Kan collabore aussi avec des groupes, comme Langaz Ravann, Konecter, et Patyatann. « Avec Langaz Ravann, je joue du séga et de la fusion. Avec Konecter, c’est plutôt de la musique africaine, orientale / indienne. On essaie de faire des fusions avec les couleurs locales. Et le groupe Patyatann, ce sont plusieurs cultures, instruments du monde, qu’on mélange. Cela permet de jouer avec des gens de toutes les couleurs. Et on voit que la musique, l’art et la positivité peuvent réunir ». Et, il ajoute:  « beaucoup me demandent quel est mon style de musique? Je suis un mélange de tout. Je n’aime pas trop classifier mon style de musique, car cela peut discréditer les autres influences de musique que j’ai en moi. J’essaie de faire une musique universelle qui peut toucher la plupart des gens, ou ceux qui veulent être touchés par la musique ».

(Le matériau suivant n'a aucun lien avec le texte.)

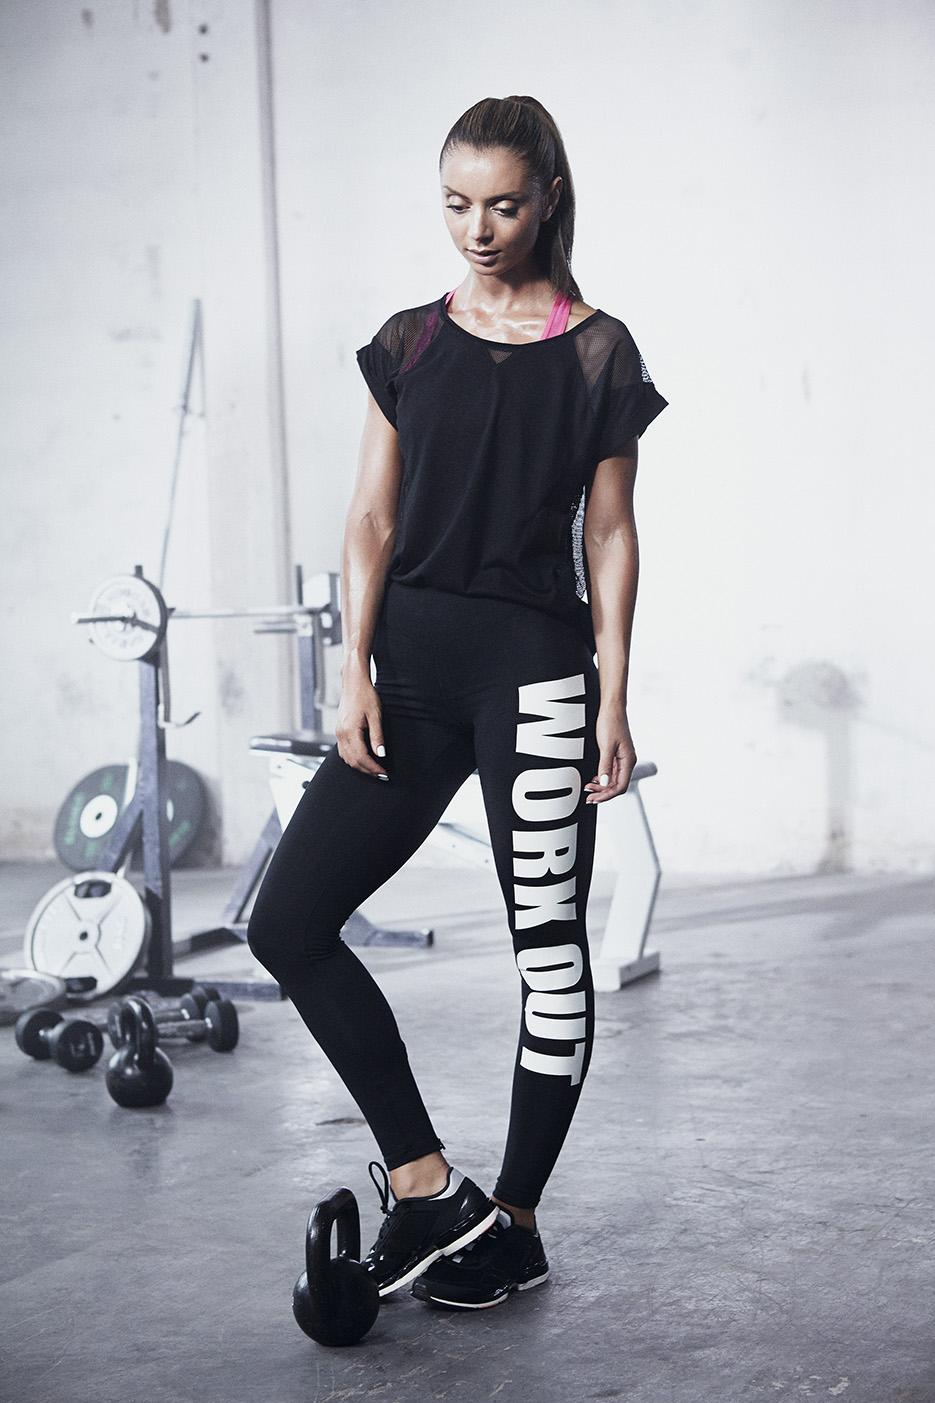 Fashionablefit1

« Pour moi faire de la musique, c’est de pouvoir mélanger la tradition et la modernité pour justement créer quelque chose qui n’existe pas »

KAN

Kan est en train de préparer un album, où il est question de tradition et de modernité. « La technologie nous offre beaucoup de possibilités. Au début, je ne voulais plus toucher à la musique électronique. Cependant, elle offre des possibilités. C’est aussi la modernité et l’évolution. On ne peut pas faire que de la musique traditionnelle / ancestrale, car elle appartient à un autre temps. D’un autre côté, on ne peut pas que faire de la musique électronique, car il y a aussi un contexte musical et culturel, et ce, peu importe la société. Pour moi faire de la musique, c’est de pouvoir mélanger la tradition et la modernité pour justement créer quelque chose qui n’existe pas ».

Ses inspirations

Kan avoue qu’il y a beaucoup de personnes qui l’ont inspiré. « Ce que je fais, a été beaucoup inspiré par ces personnes et ils vivent un peu dans mon art, et mon expression. La première personne qui me vient en tête, c’est Marclaine Antoine, quelqu’un qui a partagé la culture de Maurice, du monde et de l’Afrique. Je me sens vraiment privilégié d’avoir pu le rencontrer, voir ses instruments et écouter ses histoires. Il y a Menwar, avec ses instruments, ses rythmes et ses sonorités africaines, ses compositions. Pour moi, c’est quelqu’un qui a révolutionné la musique à Maurice. Sa façon de jouer, vient d’ailleurs, d’une autre ère, comparé aux ségas modernes. Il faut remercier Mewar pour cela. Puis, il y a les autres fabricants d’instruments de récup comme le Français Nicolas Bray, ou le Mauricien Salem Emilien. J’ai mentionné quelques-uns mais il y a eu beaucoup de personnes qui m’ont guidées dans ce chemin »

Kan ambitionne de voir la mise sur pied d’un espace permanent, un lieu dédié à la créativité artistique, « où des personnes pourront venir partager leurs différentes formes d’art, ou encore les enseigner, un endroit où on peut puiser fertile à la créativité ».